1. An integrated circuit, comprising: an instruction fetch unit to fetch instructions to be executed, wherein the instructions are associated with one or more virtual addresses; a translation lookaside buffer (TLB) to convert the virtual addresses into physical addresses, wherein the TLB includes entries for physical addresses that are dedicated to dynamic random access memory (DRAM) and entries for physical addresses that are dedicated to a memory having a storage cell with a retention time that decreases as operations are performed on the storage cell; and an execution unit to execute the instructions.

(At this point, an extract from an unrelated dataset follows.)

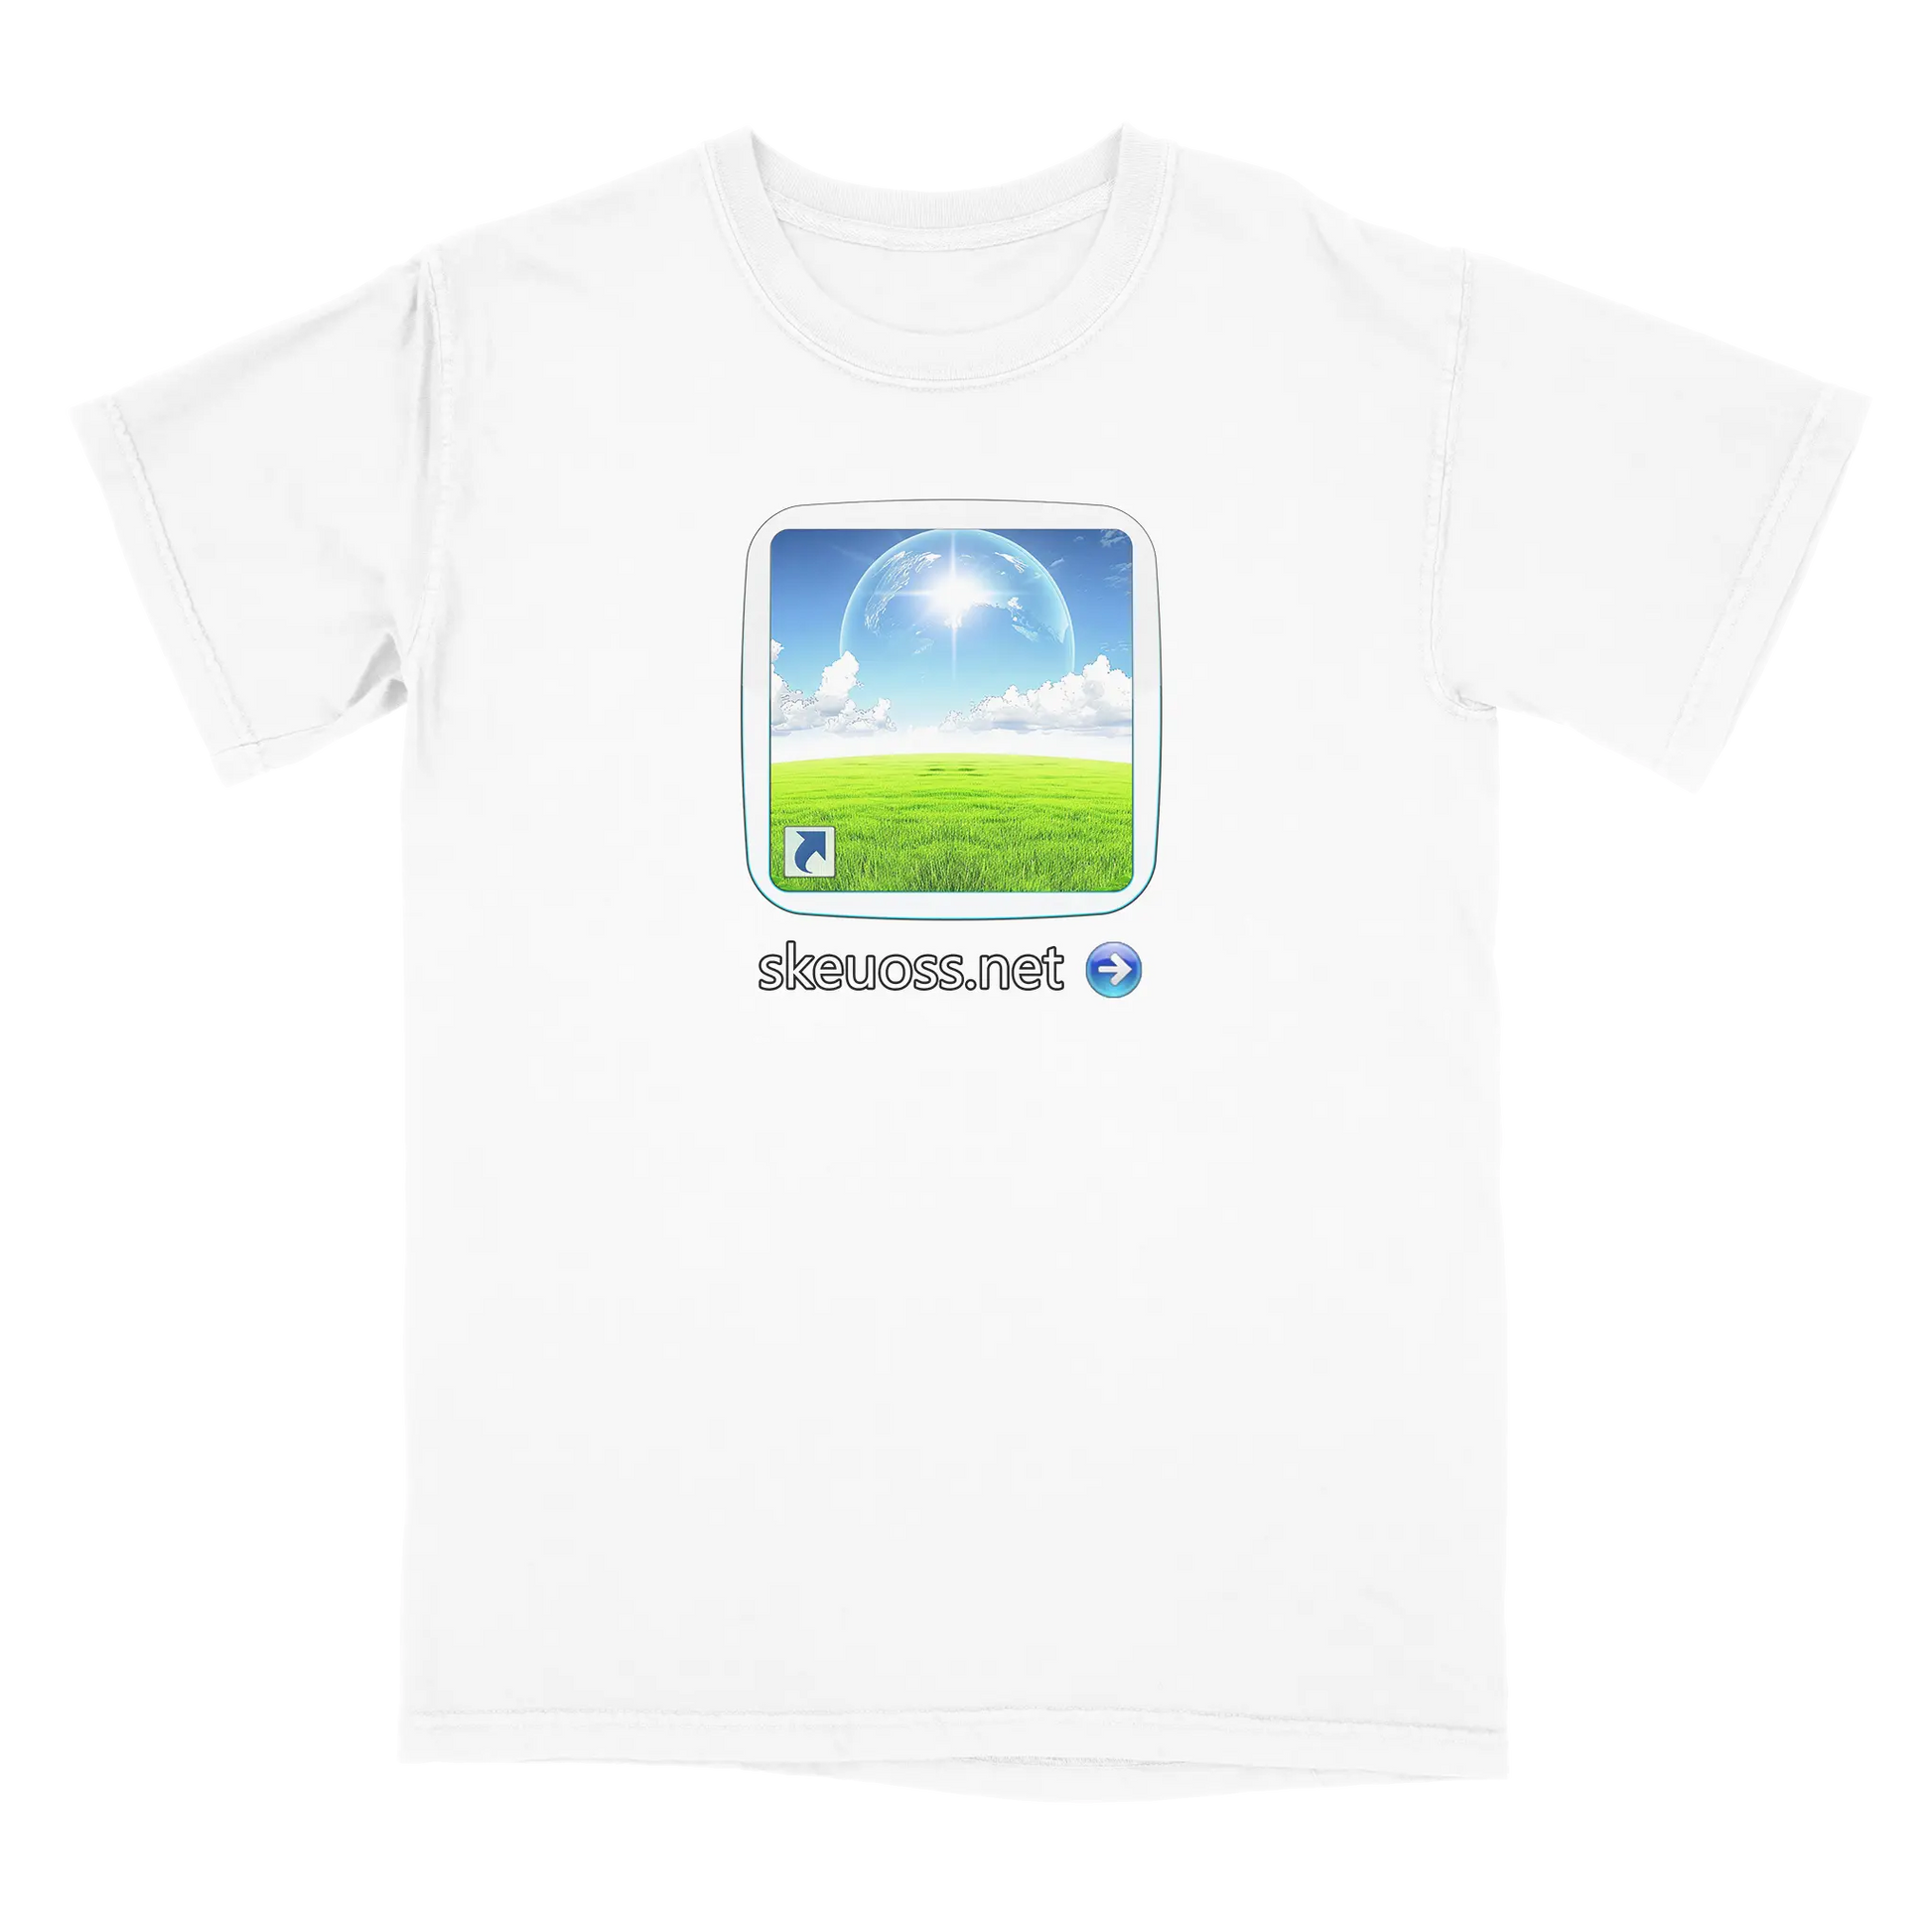 Frutiger Aero T-shirt - User Login Collection - User 212
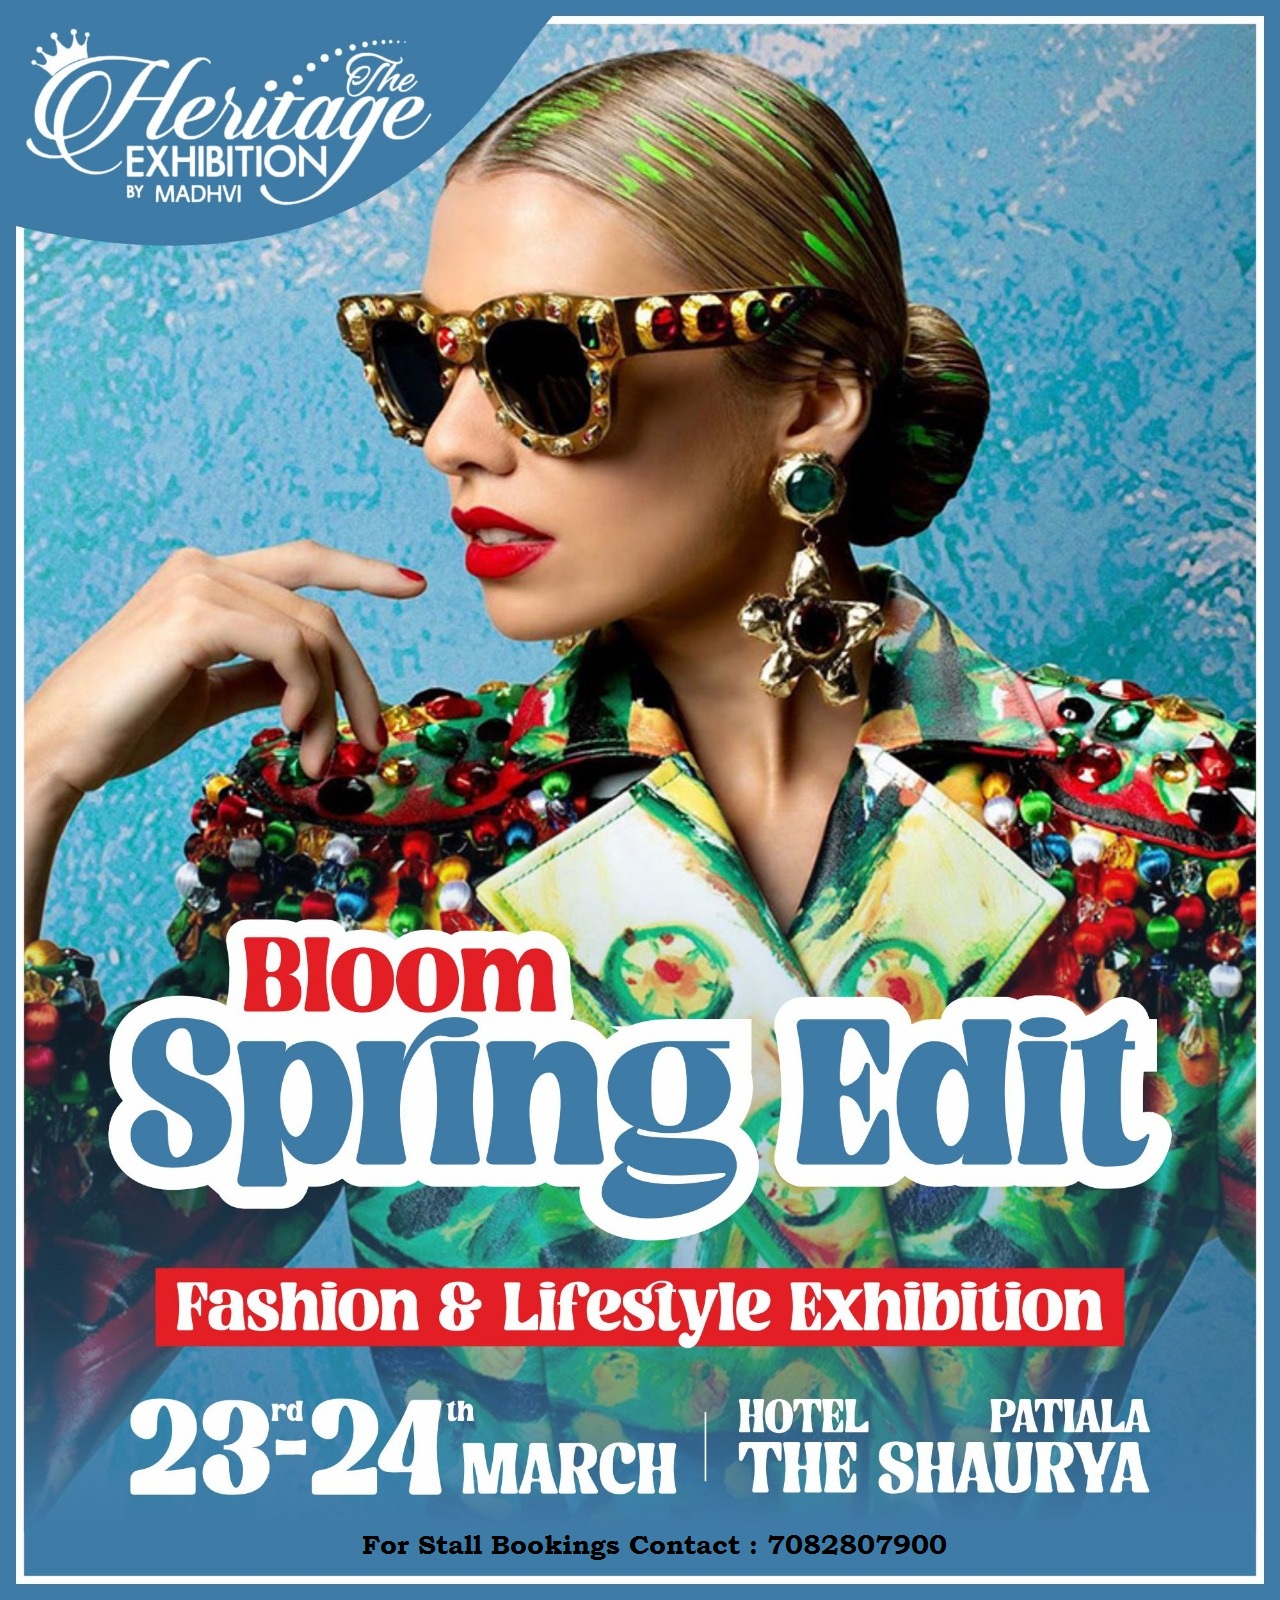 SUMMER SOIREE - Fashion & Lifestyle Exhibition

2. The integrated circuit of claim 1 , wherein the memory includes Flash memory.

3. The integrated circuit of claim 1 , wherein the integrated circuit includes a processor.

4. The integrated circuit of claim 1, wherein the integrated circuit is to be coupled to the DRAM and the memory via a shared communication channel.

5. The integrated circuit of claim 4, wherein the shared communication channel includes a memory bus.

6. The integrated circuit of claim 1, wherein the integrated circuit is to be coupled to the DRAM via a communication channel and is to be coupled to the memory via another communication channel.

7. The integrated circuit of claim 1 , wherein DRAM and the memory exist within a memory hierarchy which includes different types of memory devices having a range of latency, communication bandwidth, and cost per bit of storage.

8. The integrated circuit of claim 1, wherein the TLB caches entries for a page table, which can be stored in the DRAM.

9. The integrated circuit of claim 1, wherein the TLB facilitates exclusive caching of data in the memory.

10. The integrated circuit of claim 1, wherein the TLB facilitates inclusive caching of data in the memory and the DRAM.

11. The integrated circuit of claim 1 , wherein the TLB facilitates hybrid caching of data in the memory and the DRAM; and wherein hybrid caching involves exclusive caching of first data in the memory and inclusive caching of second data in the DRAM and the memory based on a hybrid-caching policy.

12. The integrated circuit of claim 1 , wherein DRAM and the memory exist within a memory hierarchy; and wherein the TLB facilitates direct communication of data from one type of memory device in the memory hierarchy to the memory.

13. The integrated circuit of claim 1, wherein, for inclusive caching in which data is stored in both DRAM and the memory, the TLB is to include entries associated with DRAM and entries associated with the memory for the data.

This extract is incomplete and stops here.